Tout commence par une nuit en ombres chinoises, dans une chambre, à Bogota. Jessica Holland (Tilda

Swindon), qui dort chez son beau-frère pour rendre visite à sa sœur à l’hôpital, est réveillée en sursaut par un bruit sourd. Ce son ne la quittera plus, et elle le cherchera pendant les 2h16 que dure le dernier film de Apichatpong Weerasethakul, en compétition au Festival de Cannes. Une fois sorti de cette expérience, l’on reste perplexe. Certes, les qualités ne manquent pas : le film est plein de plans magnifiques sur la Colombie, en ville, en montagne, ou en forêt ; le contraste entre le bruit sourd récurrent et le peu de dialogues, voire le silence, est tout à fait remarquable. De plus, l’on ne peut nier que la trame mystérieuse sait retenir l’attention du spectateur, au moins un certain temps. De rencontres en rencontres, Jessica Holland essaie de reconstituer le son, puis de trouver sa source, de comprendre son origine. Dans cette odyssée, Tilda Swindon évolue à merveille, donnant parfaitement l’impression d’être perdue, dépassée par les évènements. Toujours en décalage du reste du monde, sauf peut-être d’Hernán Bedoya (Elkin Diaz, âgé, Juan Pablo Urrego, jeune), le personnage principal se meut dans un univers rendu incompréhensible voire franchement insupportable par cet unique et obsédant son.


Néanmoins, le huitième long-métrage du réalisateur thaïlandais ne manquera pas de diviser. Peut-être le contraste entre le son et le silence est-il trop fort : certains plans séquences silencieux donnent parfois l’impression d’être interminables, quand d’autres sont empreints d’une poésie touchante.
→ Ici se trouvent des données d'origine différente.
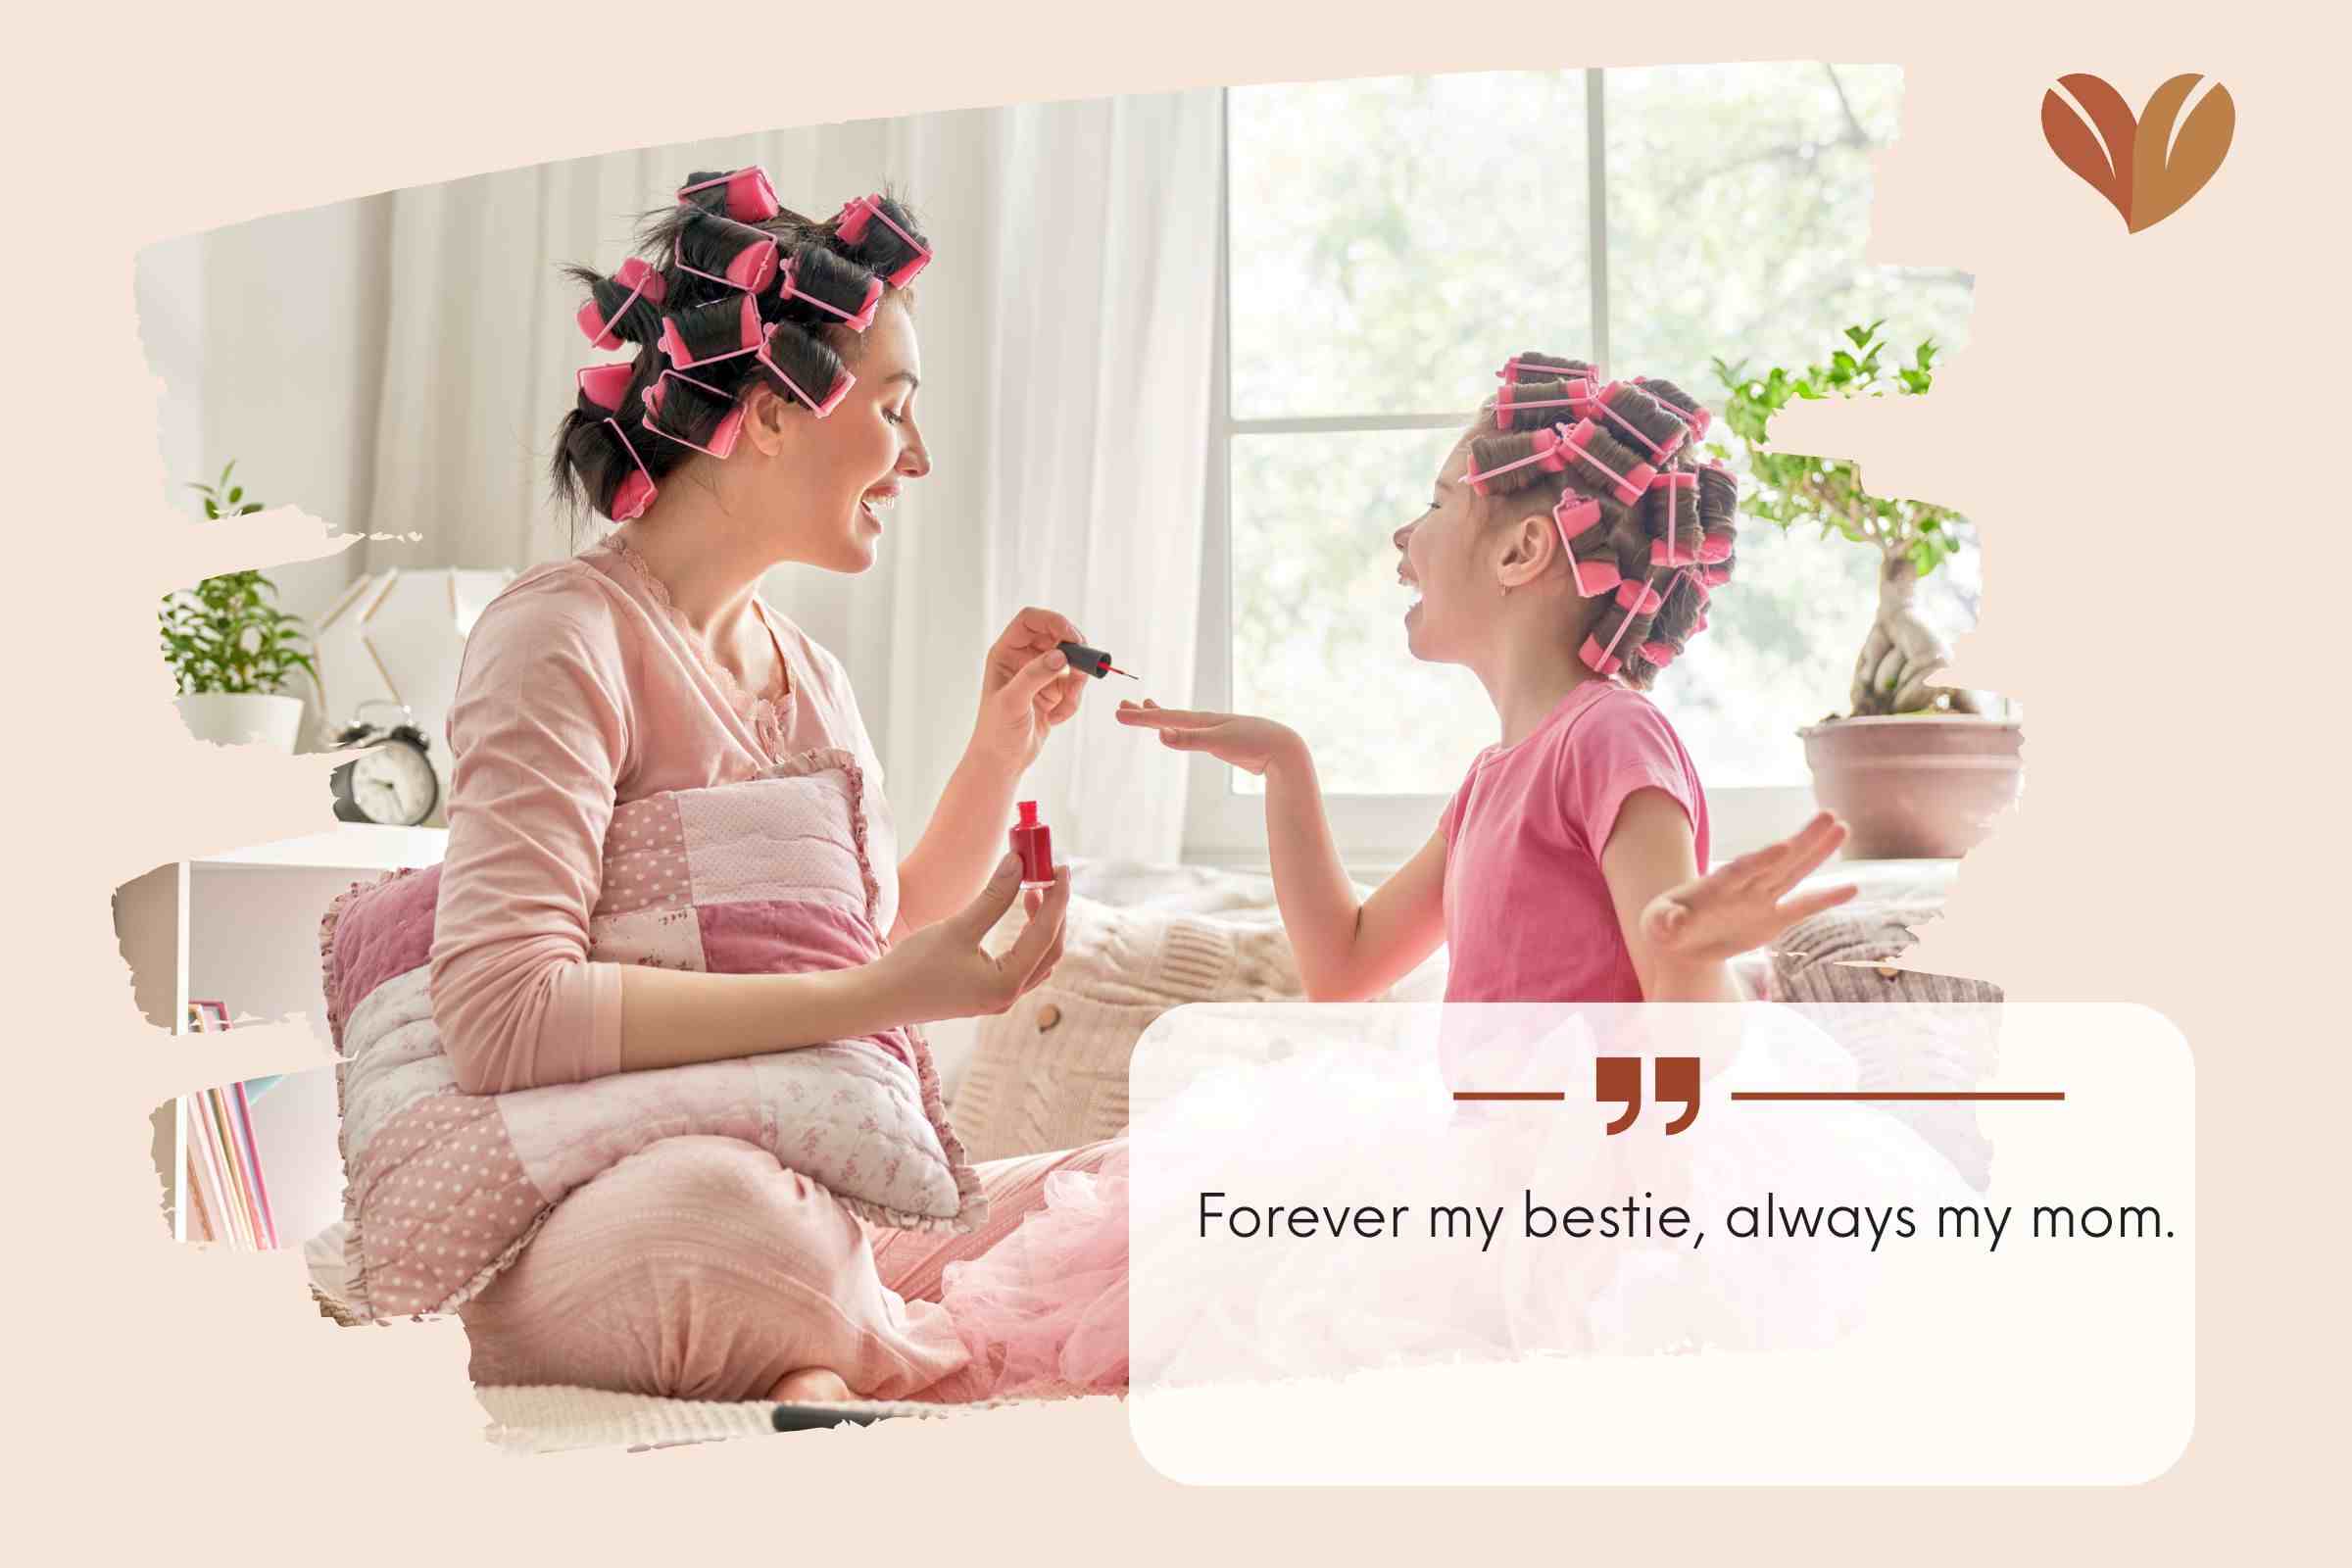 Mother Daughter Quotes For Instagram - Forever my bestie, always my mom.

On peut également trouver le personnage de Jessica Holland très peu spontané par moment, et il cela donne parfois à voir Tilda Swindon derrière le masque. Enfin, le film traîne parfois sur des longueurs, pour une conclusion décevante : le mystère est résolu d’une manière sans doute un peu convenue.


Pour autant, aller voir Memoria, c’est, on l’a déjà dit, faire une expérience, et une expérience qui en vaut le détour. Il y a dans cette œuvre un murmure à entendre dans le silence comme dans le bruit fracassant : ce murmure, c’est celui de celles et ceux qui passèrent avant Jessica Holland, avant Hernán Bedoya, ce murmure, tout le monde en salle ne l’entendra pas, mais, nous vous le souhaitons, il résonnera peut-être en vous.